This transition program will likely be the best place for him, unless we can find a different boarding school. This transition program, though, will be the easiest transition socially and academically. Plus there is epic skiing in the region. He will close to large mountains.

All of that is my brain talking. 

My heart is saying "I want him home."

I want to be there when he applies to college. I want to go to his soccer games and orchestra concerts. I want to take pictures for prom and help him get ready for graduation. I want to have him home for dinner. I want to hear about the books he is reading for English, and hear his thoughts on history and politics. I wonder if he'll start a rocket club or participate in a First Robotics program.

Claire-Adele's senior year was full of drama. Lots and lots of drama, which is fine. It supposed to be that way. Kids soil the nest before they launch.

I want that for the Boy. I want him to come back and live at home before he launches. He might not come back and live at home, which means I am done being a mom and I am not ready for that.

"You will be a parent until you die, Lauren," said my hairdresser today. 

He has a point, but I still want the Boy home.

But then my heart comes back again: I want him better, healthy and healed more than I want him home.

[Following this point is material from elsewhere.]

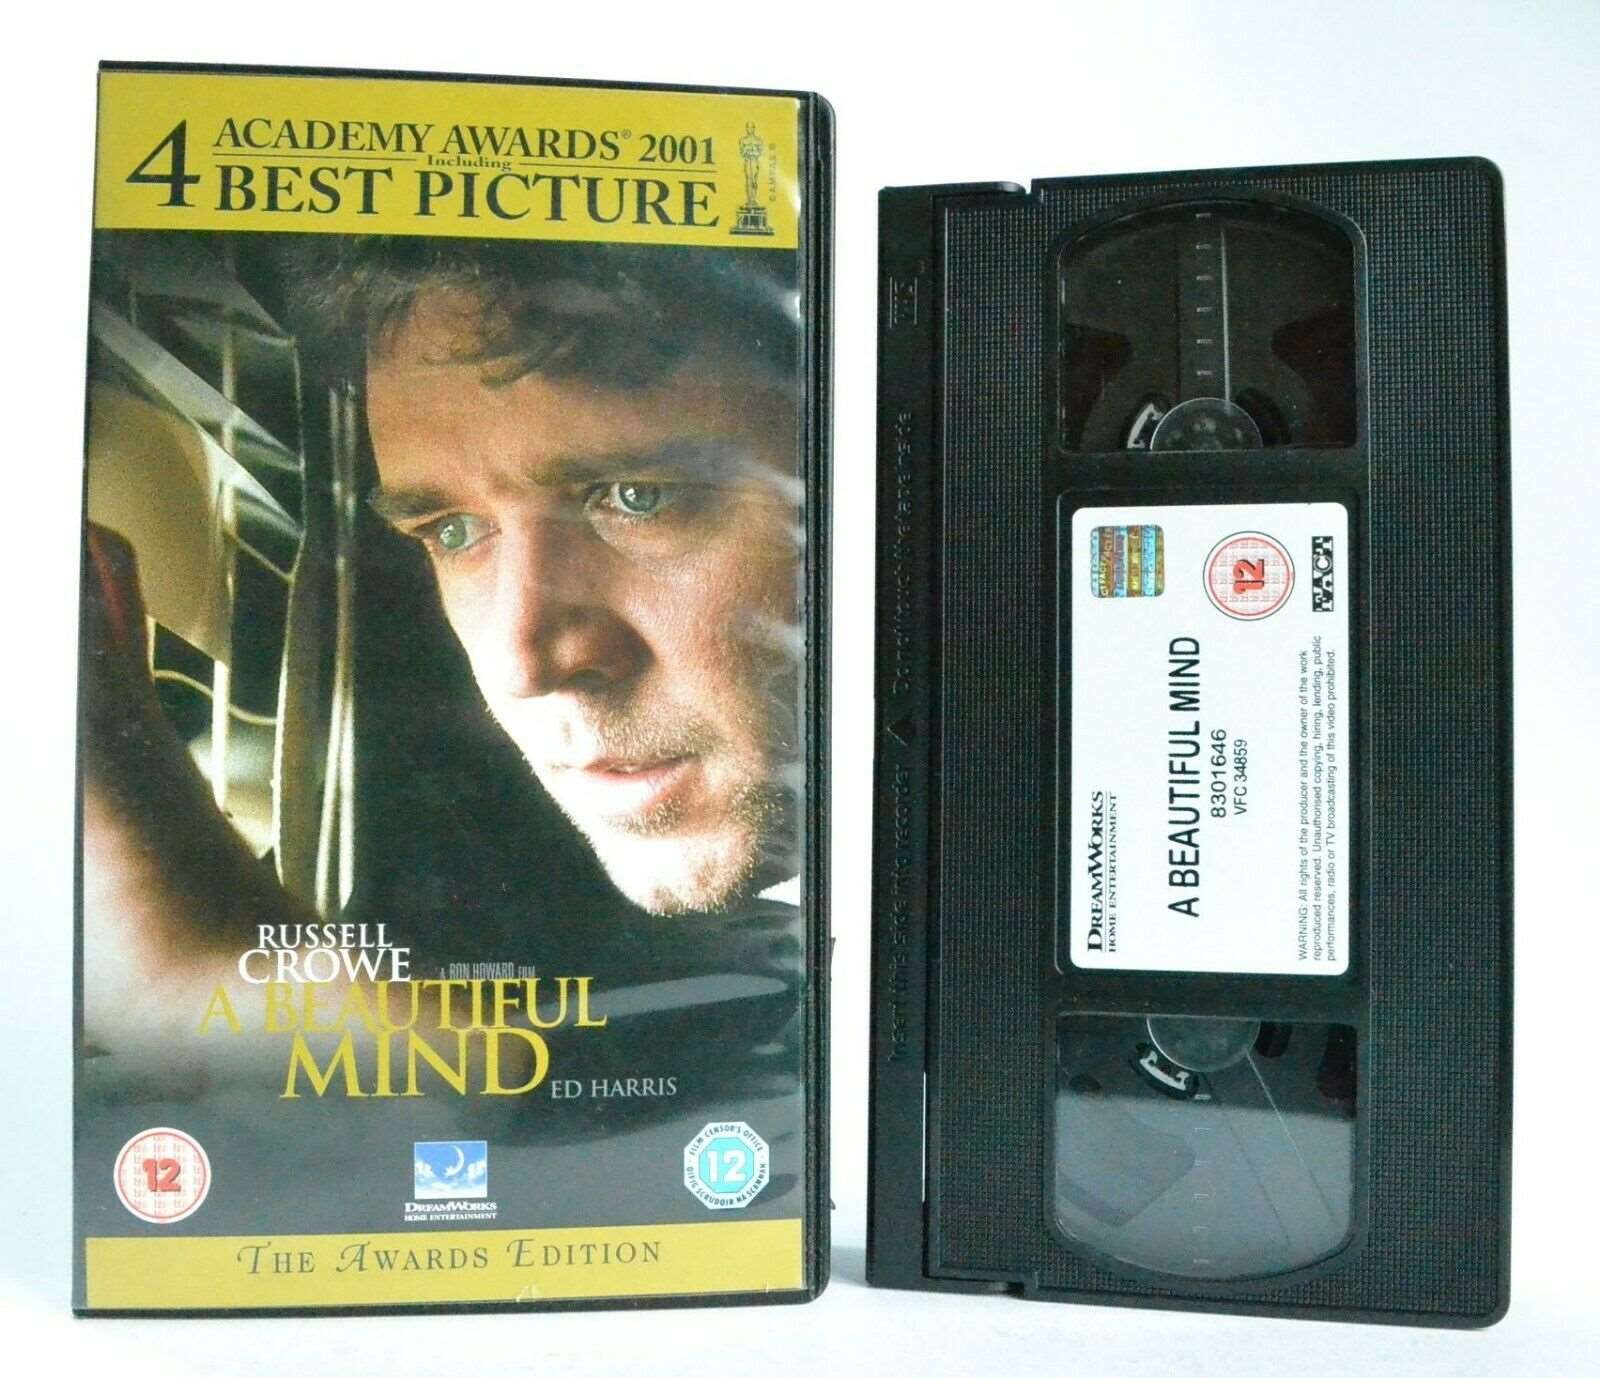 A Beautiful Mind: Awards Edition - Based On True Events - Drama - R.Crowe - VHS-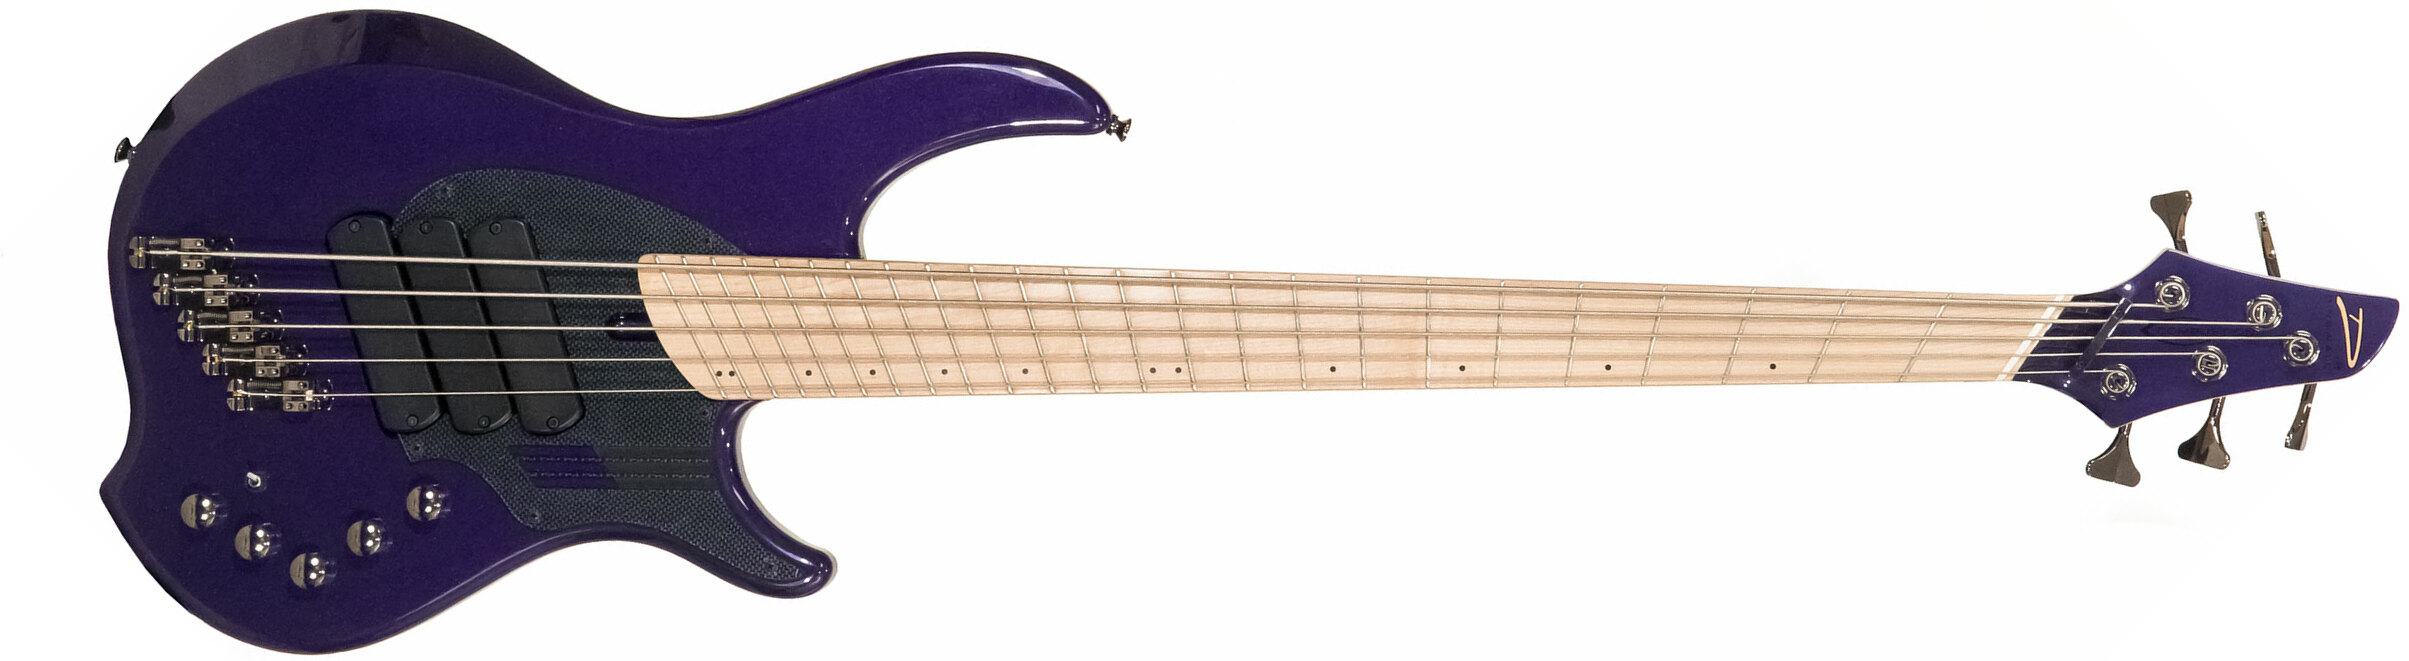 Dingwall Adam Nolly Getgood Ng3 5c Signature 3pu Active Mn - Purple Metallic - Basse Électrique Solid Body - Main picture

I don't want him to come home not fully healed, and slide back into his old and easy habits. I don't want him to come home until he is fully baked. My heart knows this, too. My friend Ellen's daughter was away for the last three years of high school and now she is thriving. She is confident and cheerful and is working her butt off at college. Most importantly, she appears to be profoundly grateful for where she is at. That is really what I want for the Boy.

"You will be fine with this when you attend his wedding," said my hairdresser.

"In twenty years, you will be glad you did this," said my friend Leslie.

I hope so. In the meantime, my heart is breaking, but I'd rather have short-term heartbreak than long-term.

Wednesday, January 15, 2020

Micro versus Macro Stress

Today was a hectic and busy day. For those of you who don't know, I am an information analyst, which means I help analyze and structure data for a database. Yesterday and today, I was in brainstorming meetings all day. It might sound like fun, but my usual work week is about 50% meetings and 50% analysis time, give or take 20%. A few days in a row that are all meetings is a major change. I felt stressed because I was getting behind on my regular work. Instead of doing analysis, I was planning projects that would require analysis. Plus, these meetings are technical meetings where three developers are bouncing ideas off of each other, and I need to be in the room listening to programmers to talk about things I don't understand in case there is something out there where they might impact data and I would have to speak up. And I have to pay super close attention so I don't miss something important and then they mess up the data. One or two hours a day of this is fine. Eight to nine is exhausting. Plus, everyone on the team is using their maximum brain power, not just me. Everyone is in the same boat.

Yay!

Seriously. Me kvetching about my job is awesome.

Why?

This is the first time I've felt stressed about my job in months, and that is a good thing. Of course, my own private Pax Romana on the job was nice, but it reflects something else: I was too stressed about my personal life to feel stressed about work. Before, I was coasting along. Other people would be stressed about upcoming project plans or other stuff and I'd think "What are you whining about? This is easy compared to what I am dealing with at home." And it was easy compared to home. (Caveat: I don't recommend blowing up your personal life to make your job seem relatively easy. That is not the point.)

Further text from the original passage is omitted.